▸ **Your assignment**
Please, could you print all the lines below exactly, leaving out the pictures?

╭─ Data section

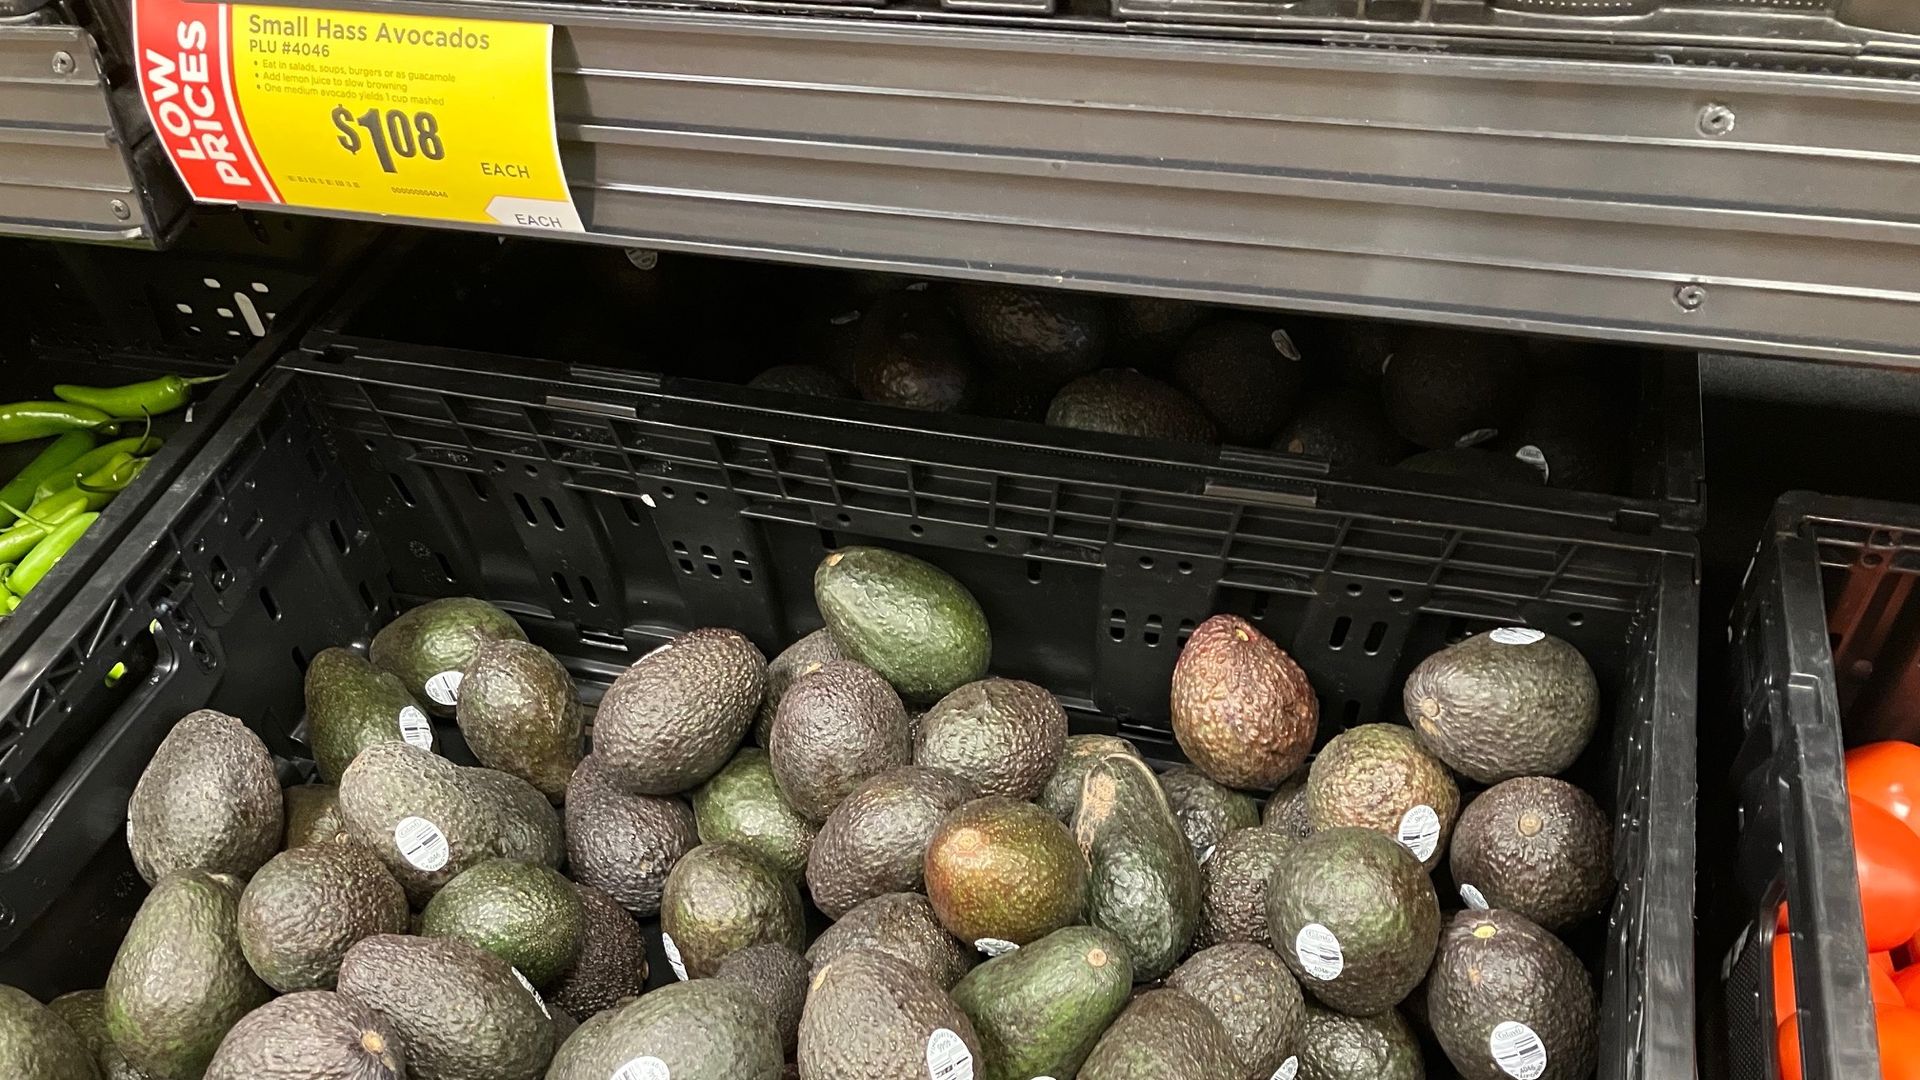 Avocados in a bin at H-E-B
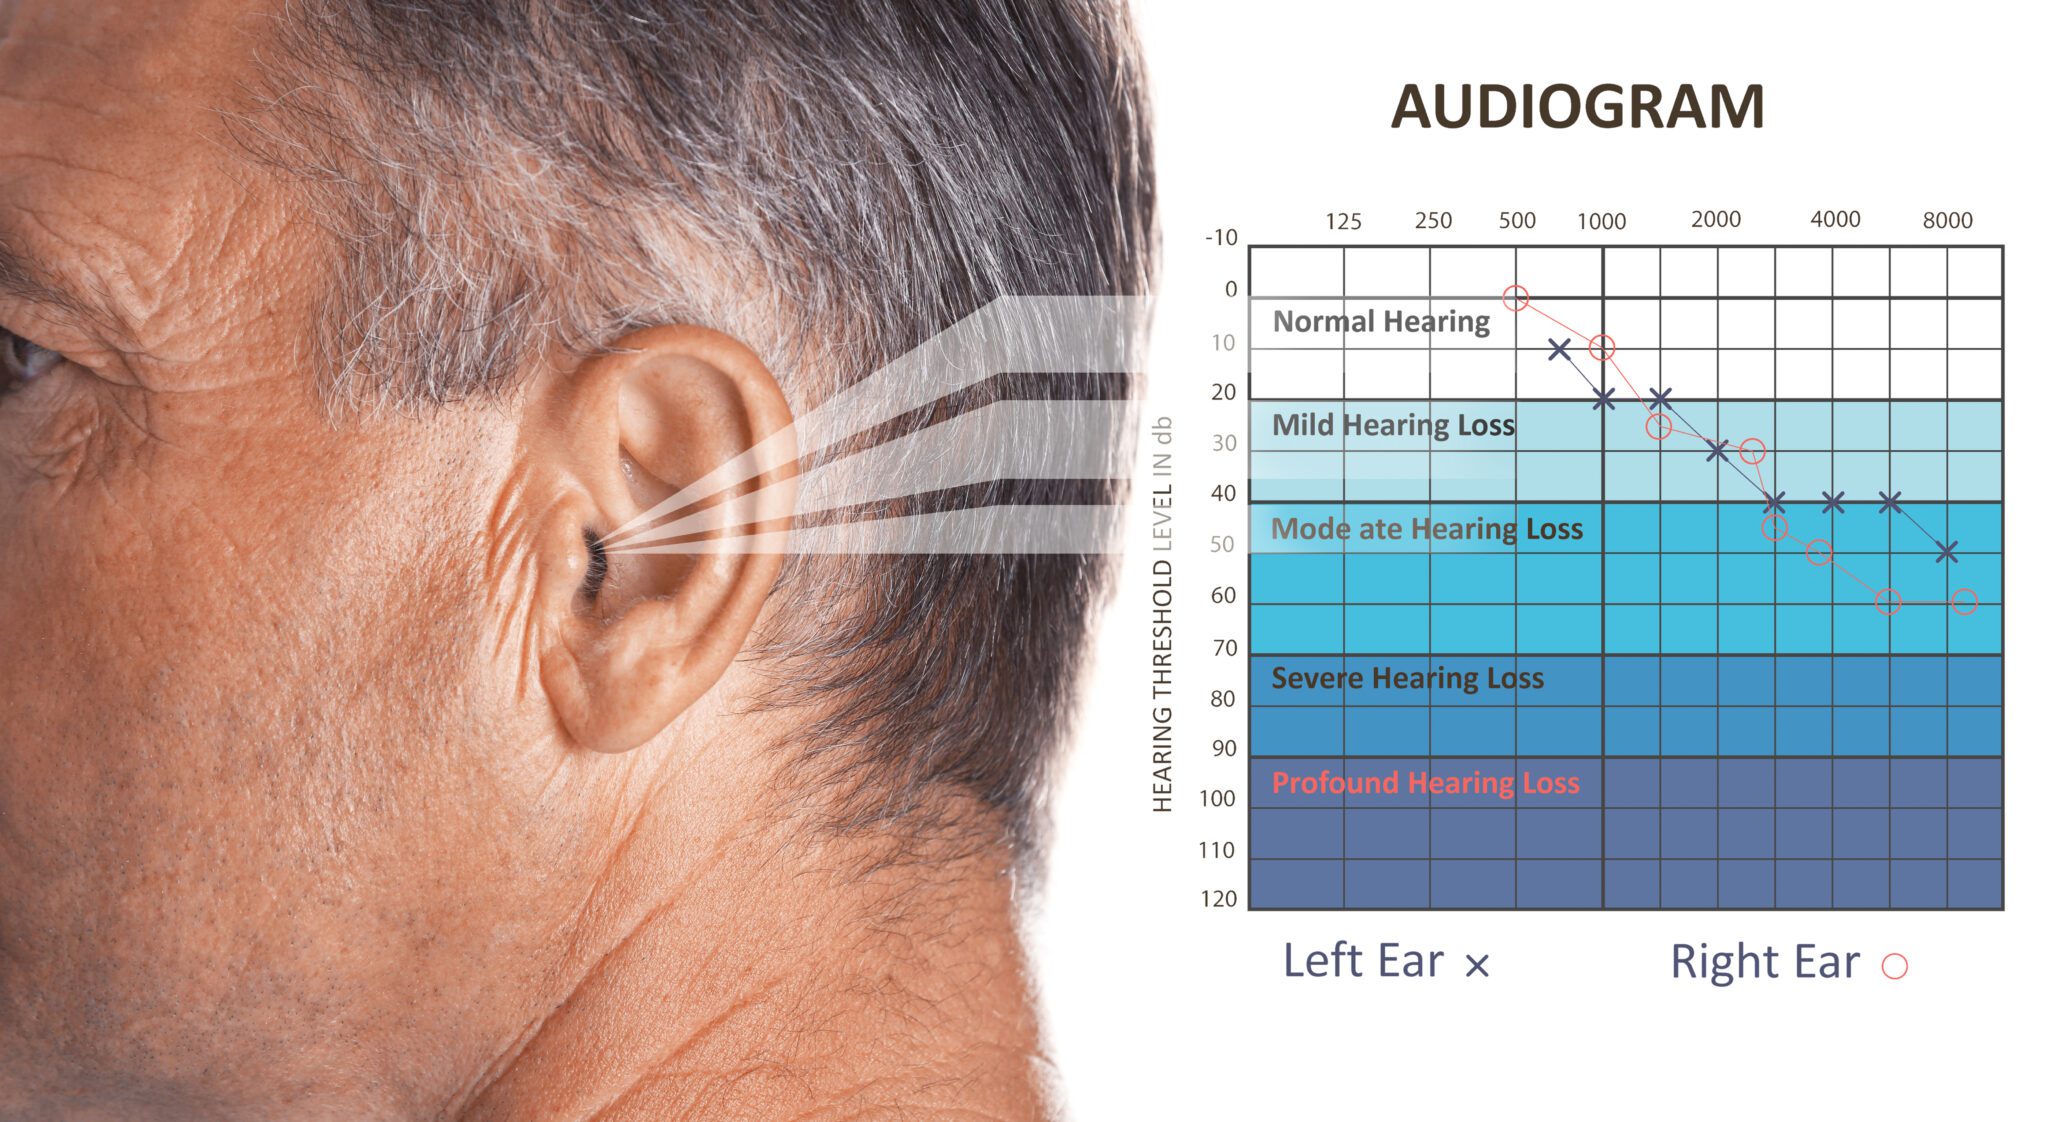 Can I Get a VA Rating for Hearing Loss and Tinnitus? Here's 3 Ways to
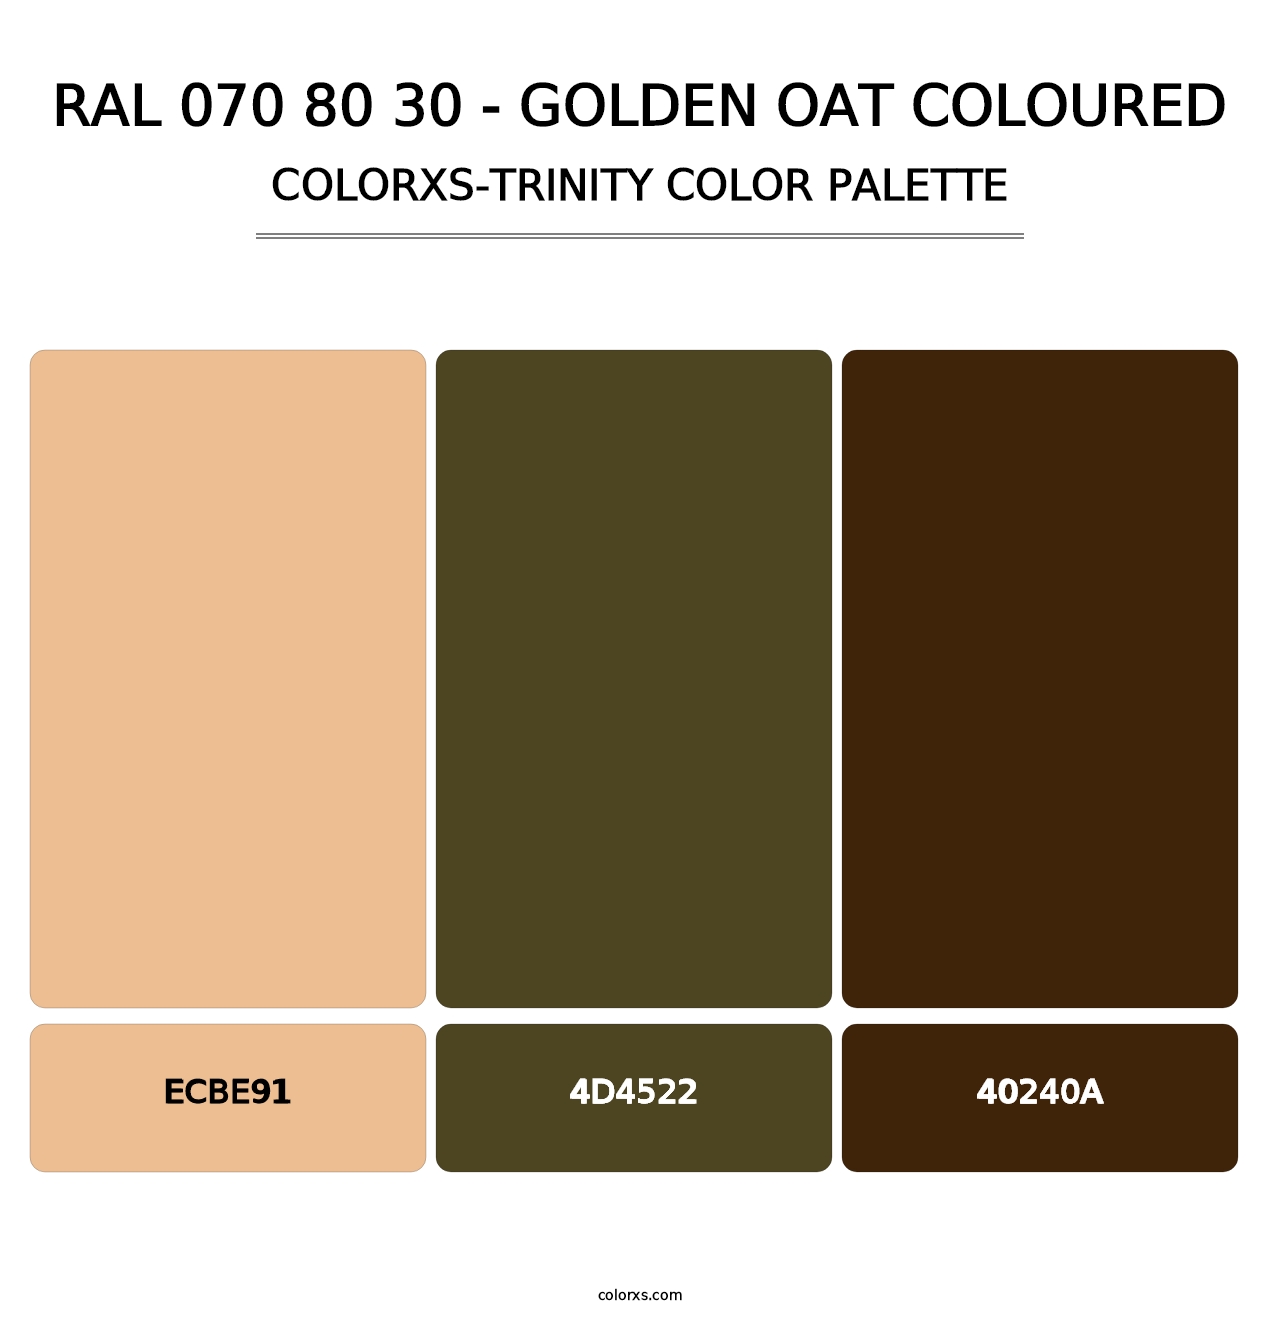 RAL 070 80 30 - Golden Oat Coloured - Colorxs Trinity Palette
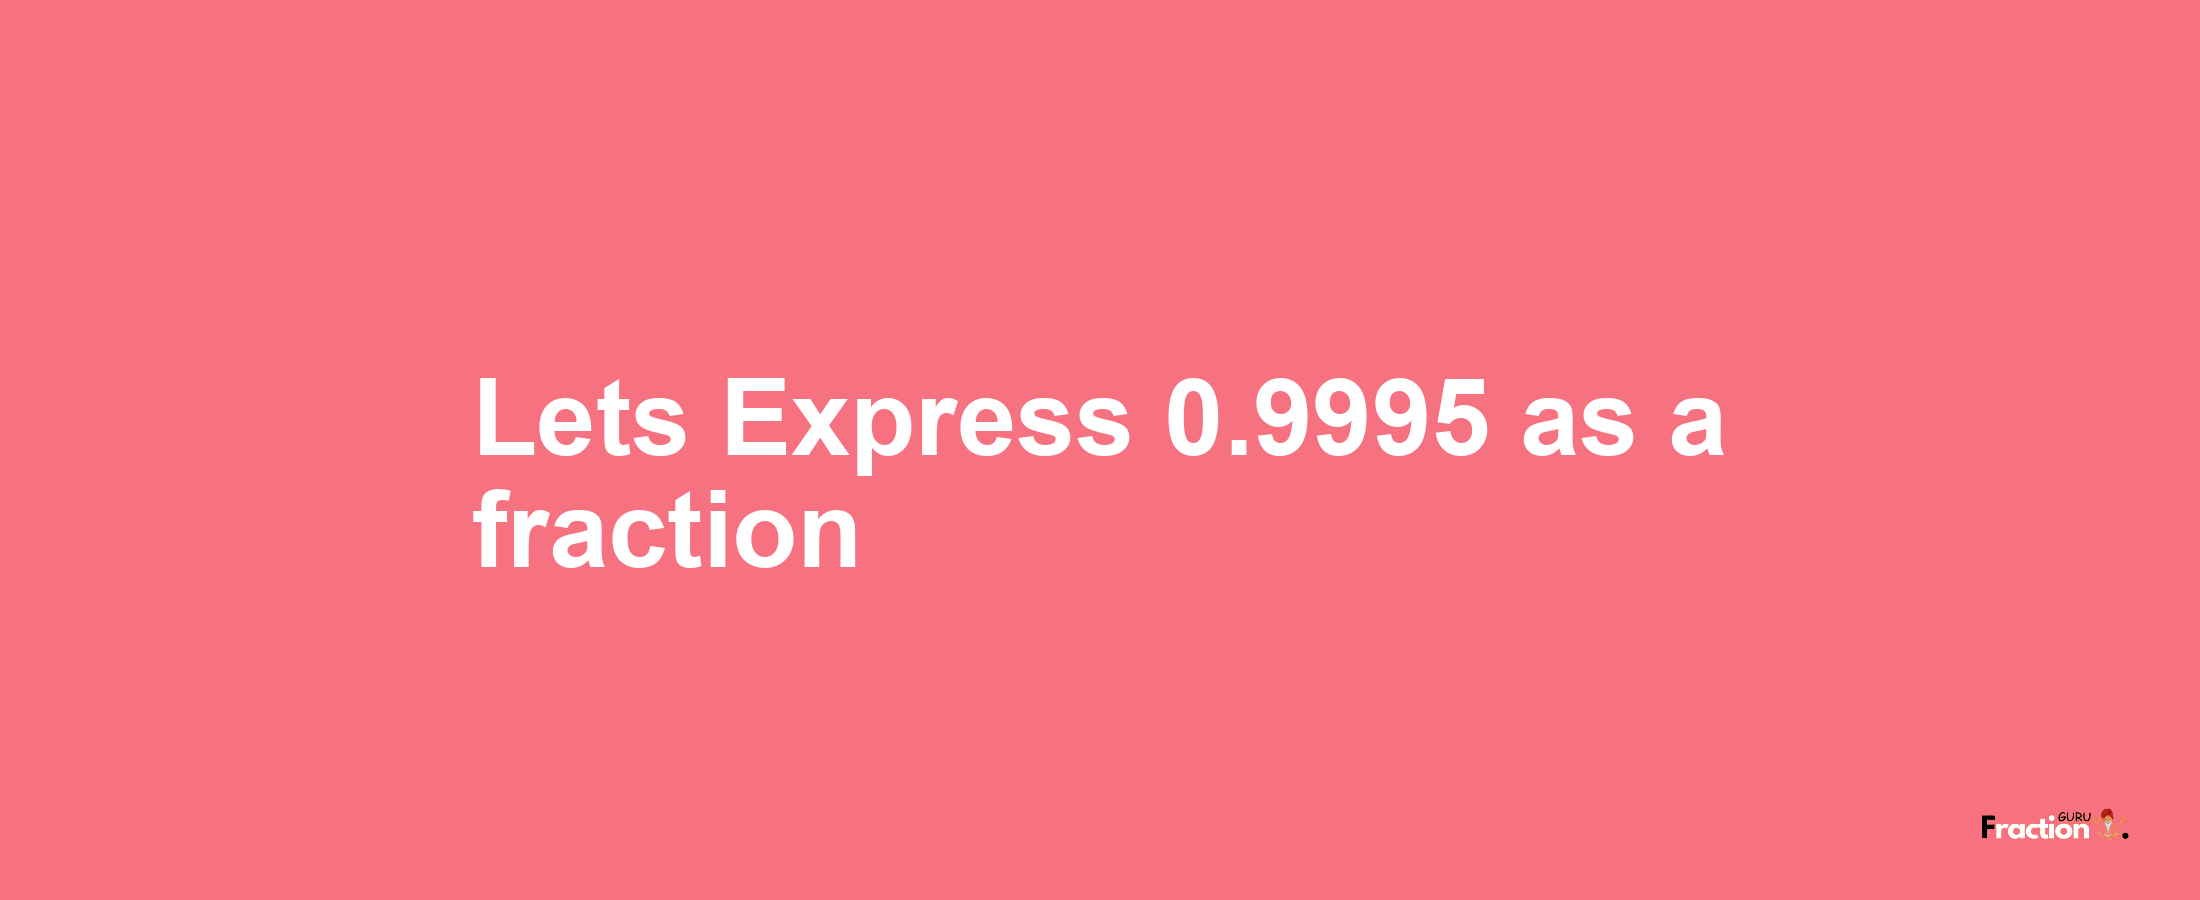 Lets Express 0.9995 as afraction

╰─

▸ **Output below**
 Avocados in a bin at H-E-B
 Can I Get a VA Rating for Hearing Loss and Tinnitus? Here's 3 Ways to
 RAL 070 80 30 - Golden Oat Coloured - Colorxs Trinity Palette
 Lets Express 0.9995 as afraction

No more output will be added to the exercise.